1.  **Content Similarity (`alpha`):** How much does the text match? (Cosine Similarity)
2.  **Constraint Score (`beta`):** Does it fit the practical requirements?
3.  **Popularity (`gamma`):** Is it a popular module? (Optional)

Formula: `Final Score = (alpha * Content) + (beta * Constraints) + (gamma * Popularity)`


In [7]:
def first_existing_col(df: pd.DataFrame, candidates: list) -> Optional[str]:
    """Finds the first column from a list that exists in the dataframe."""
    for c in candidates:
        if c in df.columns:
            return c
    return None

def recommend(
    profile: CandidateProfile,
    k: int = 10,
    alpha: float = 0.7,   # Weight for Content Match
    beta: float = 0.2,    # Weight for Constraints
    gamma: float = 0.1    # Weight for Popularity
) -> pd.DataFrame:
    
    # Ensure weights sum to 1
    if not np.isclose(alpha + beta + gamma, 1.0):
        raise ValueError("Weights (alpha + beta + gamma) must sum to 1.0")

    # 1. Calculate Content Similarity
    p_vec = profile_vector(profile)
    # cosine_similarity returns a matrix, we flatten it to a simple list of scores
    content_scores = cosine_similarity(p_vec, X).flatten()

    # 2. Calculate Popularity Score (Normalized to 0-1)
    pop_col = first_existing_col(df, ["popularity_score"])
    if pop_col:
        pop_raw = extract_numeric_series(df[pop_col]).fillna(0.0)
        # Min-Max Scaling
        pop_scaled = (pop_raw - pop_raw.min()) / (pop_raw.max() - pop_raw.min() + 1e-9)
    else:
        pop_scaled = pd.Series(0.0, index=df.index)

    rows = []
    title_col = first_existing_col(df, ["name"]) or df.columns[0]
    loc_col = first_existing_col(df, ["location"])

    # 3. Iterate through all modules to calculate scores
    for idx, row in df.iterrows():
        cstr_score, reasons = constraint_score(row, profile)
        c_score = float(content_scores[idx])
        pop_score = float(pop_scaled.loc[idx])

        # Calculate Final Weighted Score
        final_score = alpha * c_score + beta * cstr_score + gamma * pop_score

        rows.append({
            "index": idx,
            "name": row.get(title_col, ""),
            "location": row.get(loc_col, ""),
            "final_score": final_score,
            "content_sim": c_score,
            "constraint_score": cstr_score,
            "popularity_score": pop_score,
            "constraint_reasons": reasons,
        })

    # Create DataFrame and sort by Final Score (highest first)
    rec_df = pd.DataFrame(rows).sort_values("final_score", ascending=False).head(k).reset_index(drop=True)
    return rec_df


## 8. Diversity & Explanations
To make the results better, we add:
*   **Diversity Score:** Are the recommendations too similar to each other? (We want variety).
*   **Explanation:** Which words actually matched?

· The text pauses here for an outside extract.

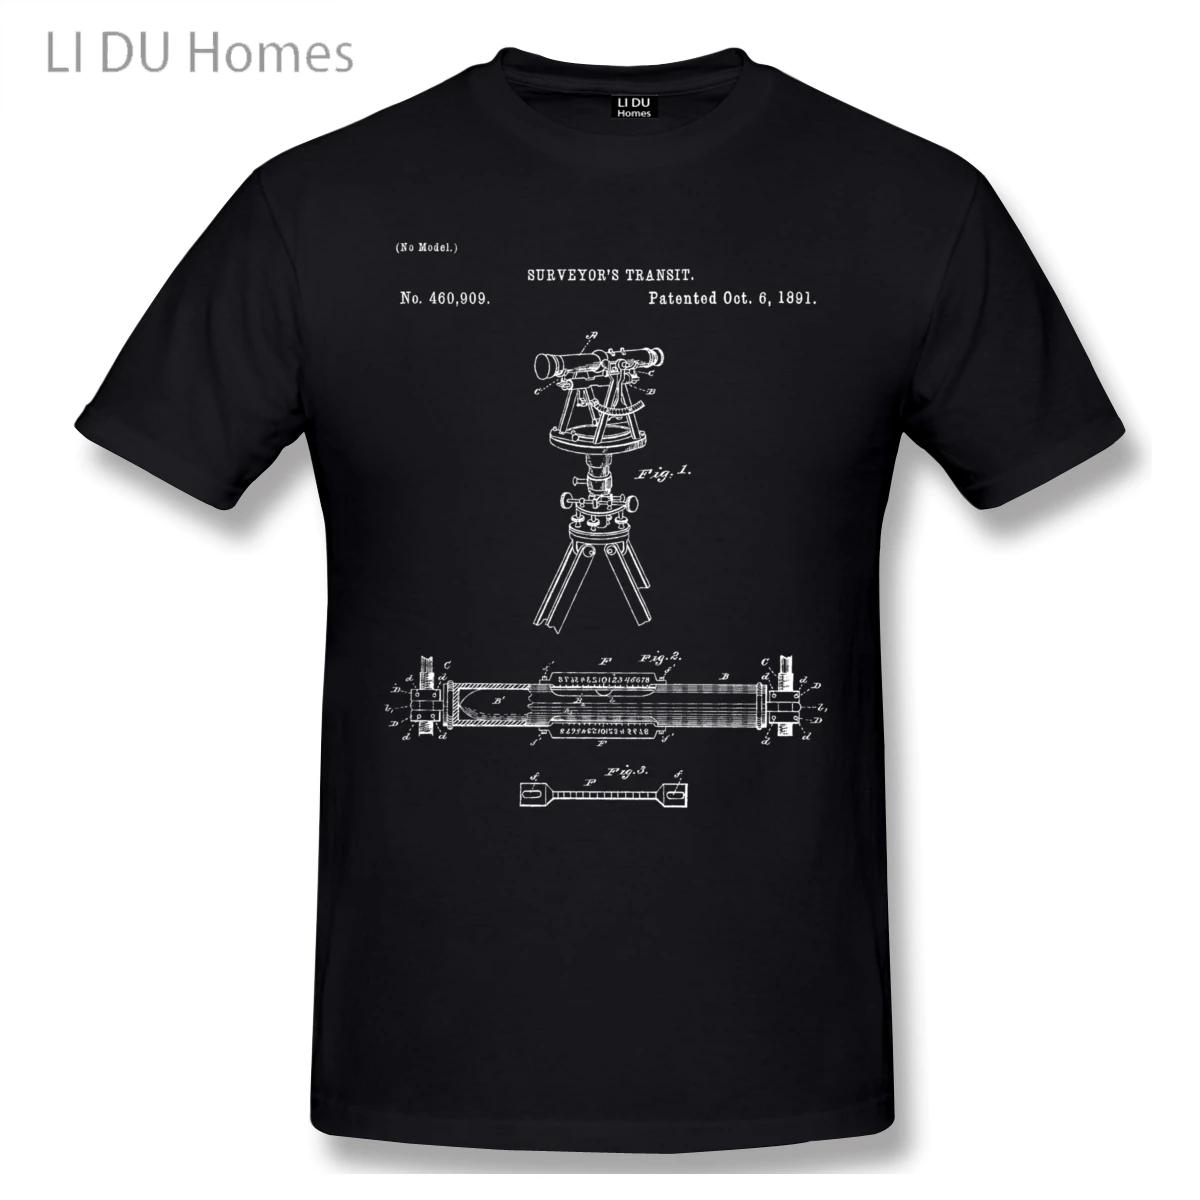 LIDU-빈티지 측량 운송 도구 티셔츠, 여성 남성 티셔츠, 코튼, 여름 티셔츠, 반팔 그래픽 티 탑

This helps the user understand *why* they got this recommendation.


In [8]:
def diversity_score(indices: List[int]) -> float:
    """
    Calculates how diverse the set of recommendations is.
    Returns 1.0 (very diverse) to 0.0 (all identical).
    """
    if len(indices) < 2:
        return 0.0
    sub = X[indices]
    sim = cosine_similarity(sub)
    # We only care about the upper triangle of the similarity matrix (excluding diagonal)
    mask = np.triu(np.ones_like(sim, dtype=bool), k=1)
    if mask.sum() == 0:
        return 0.0
    avg_sim = sim[mask].mean()
    return float(1.0 - avg_sim)

def explain_overlap(profile_text: str, job_text: str, top_k: int = 8) -> List[str]:
    """
    Finds the common words between the profile and the module description.
    """
    def tokenize(s: str) -> List[str]:
        return re.findall(r"\w+", s.lower())

    p_tokens = tokenize(profile_text)
    j_tokens = tokenize(job_text)

    # Find intersection
    common = [t for t in j_tokens if t in set(p_tokens)]
    
    # Count frequency of common words
    counts: Dict[str, int] = {}
    for t in common:
        counts[t] = counts.get(t, 0) + 1

    # Sort by frequency
    sorted_terms = sorted(counts.items(), key=lambda x: x[1], reverse=True)
    return [w for w, _ in sorted_terms[:top_k]]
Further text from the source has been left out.